In 5S this essentially means to 'clean' the area. It also involves eliminating things that are not relevant to the process in the first place.
This is where shared learning and methodologies for reacting to problems that have happened in the past or are reasonably expected to occur in the future are documented/archived.
This has to do with monitoring and reacting to changing conditions and problems with standardized activities. Of course this means if you skipped the standardization step you will have little to work on here.
The Hawthorne Effect
Although not strictly a part of 5S ignorance of the effect of the Hawthorne Effect can be so debilitating to a 5S initiative it should be included right away. Essentially it can be summarized to mean that individual/group behavior changes when the participants know they are being observed. Therefore success benchmarks derived from observed groups must be considered suspect if gathered too early.
The 5S methodology can be applied to improve software projects. It is referred to as an oblique pattern because its aim is to affect other patterns themselves. If you say that you are applying 5S in a pattern-based environment then you are really saying that you a) have identified existing patterns (including organically-generated ones) and b) that you are applying the individual parts of 5S on those patterns.
Let's try this out. Take a look at the following graphic (click to enlarge it):
On one side the graphic has the familiar 5S pattern. On the other side you will find six common pillars of software development: specifications, coding, configuration, the release system, documentation, and support. Applying 5S to all of these could be the subject of several articles, so let's concentrate on the release system.

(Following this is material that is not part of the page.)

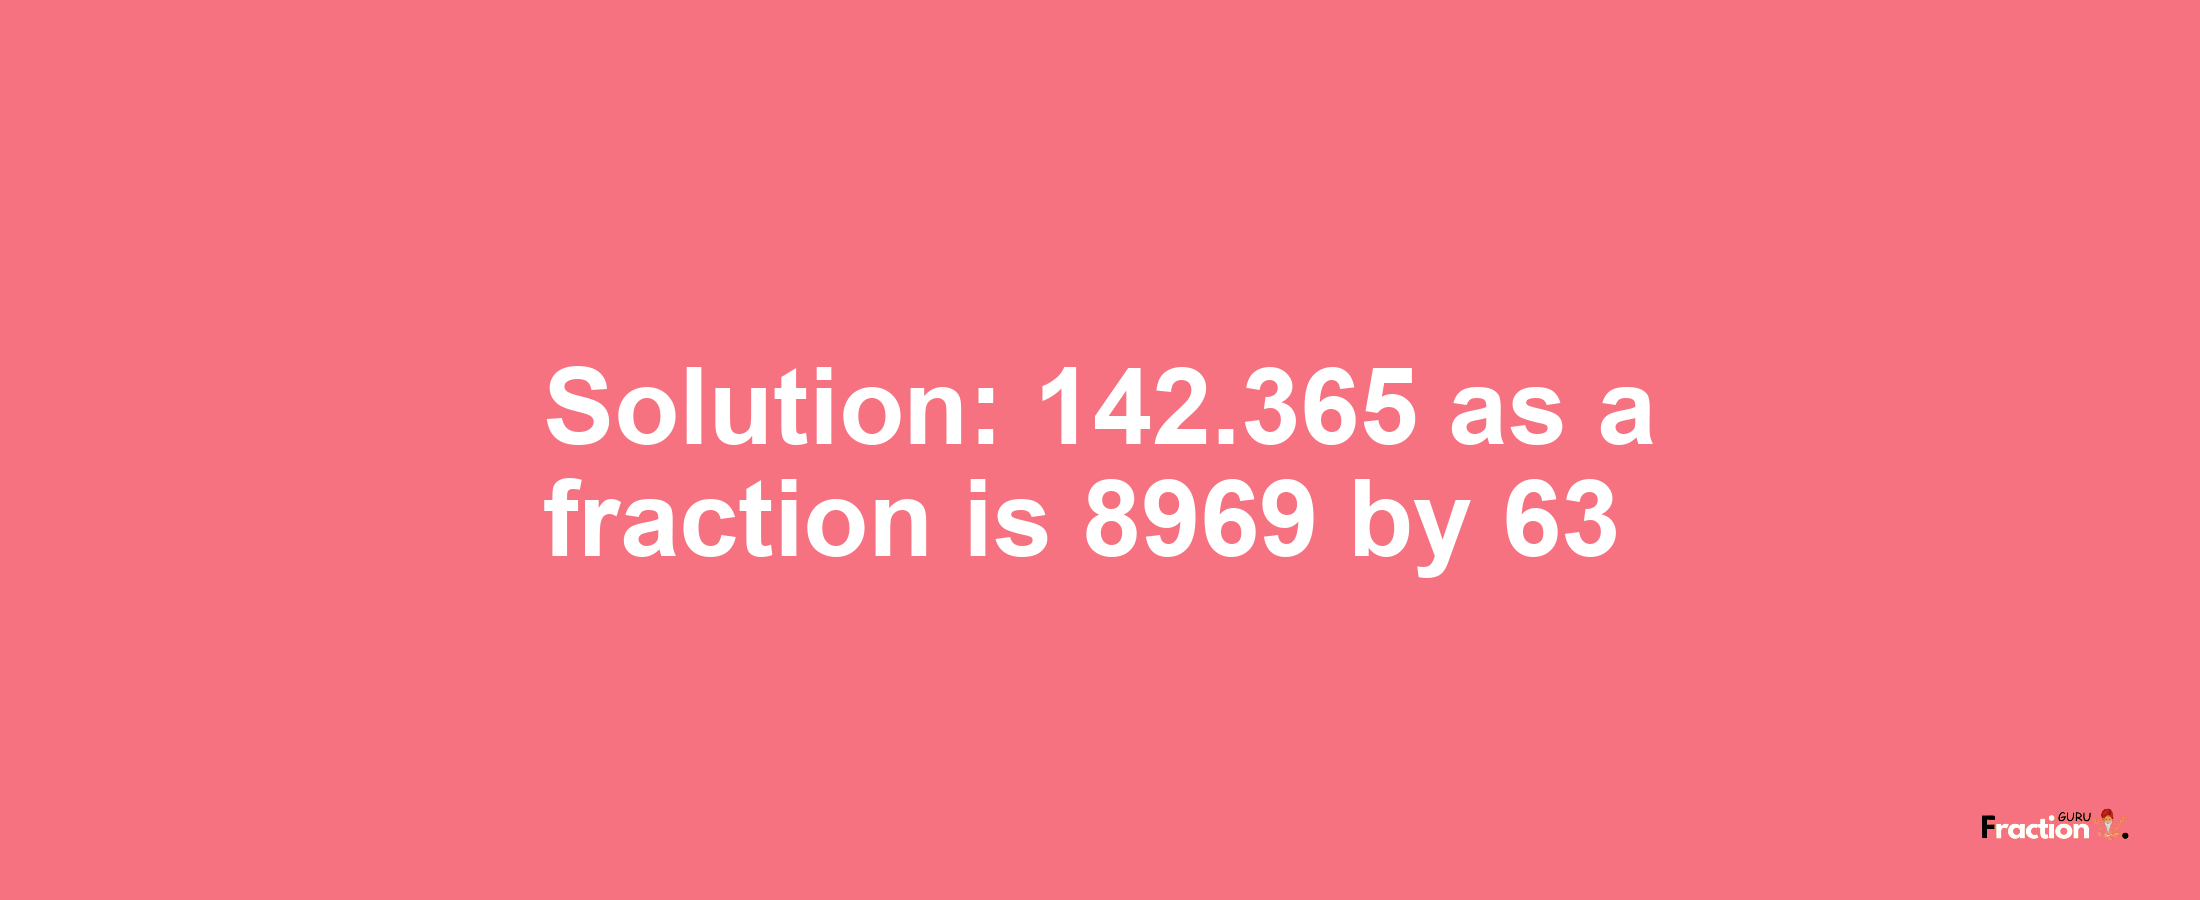 Solution:142.365 as a fraction is 8969/63

The release system for software consists of removing or exporting code from the code repositories and configuration management systems that were used during development. A common pattern that occurs at PharmaCorp X (not a real company) is that the code is released from a source code management system onto a test server (called TEST). Then QA personnel update their test scripts and execute some form of software validation. Developers, eager to assist in the validation process, frequently change code to satisfy last-minute needs.
- Sort: Delineate responsibilities. Developers are responsible for moving code to TEST. QA staff are responsible for issuing complaints. Developers are again responsible for making code changes. You can also do this with code state: code that comes directly from the repository (it will have a version number) is different than modified or new code.
- Set in Order: The obvious culprit is often the development team -- they are responsible for maintaining code. However, once you set the pattern in order you realize that the real problem is actually the QA staff and their urgency. The request to fix a problem precedes the code change in the organic pattern. Therefore, it should be listed earlier in the ordering.
- Shine: Removing the ability to make code changes on TEST is a first and obvious corrective step. Next is to force QA to utilize a monitored filter that can prioritize change requests. Some steering team can then review these requests to ensure that they meet business needs and will not negatively impact the overall system quality. If there is agreement that a change is acceptable a request can be made to developers to make appropriate changes in a development system and check their changes into the code repository.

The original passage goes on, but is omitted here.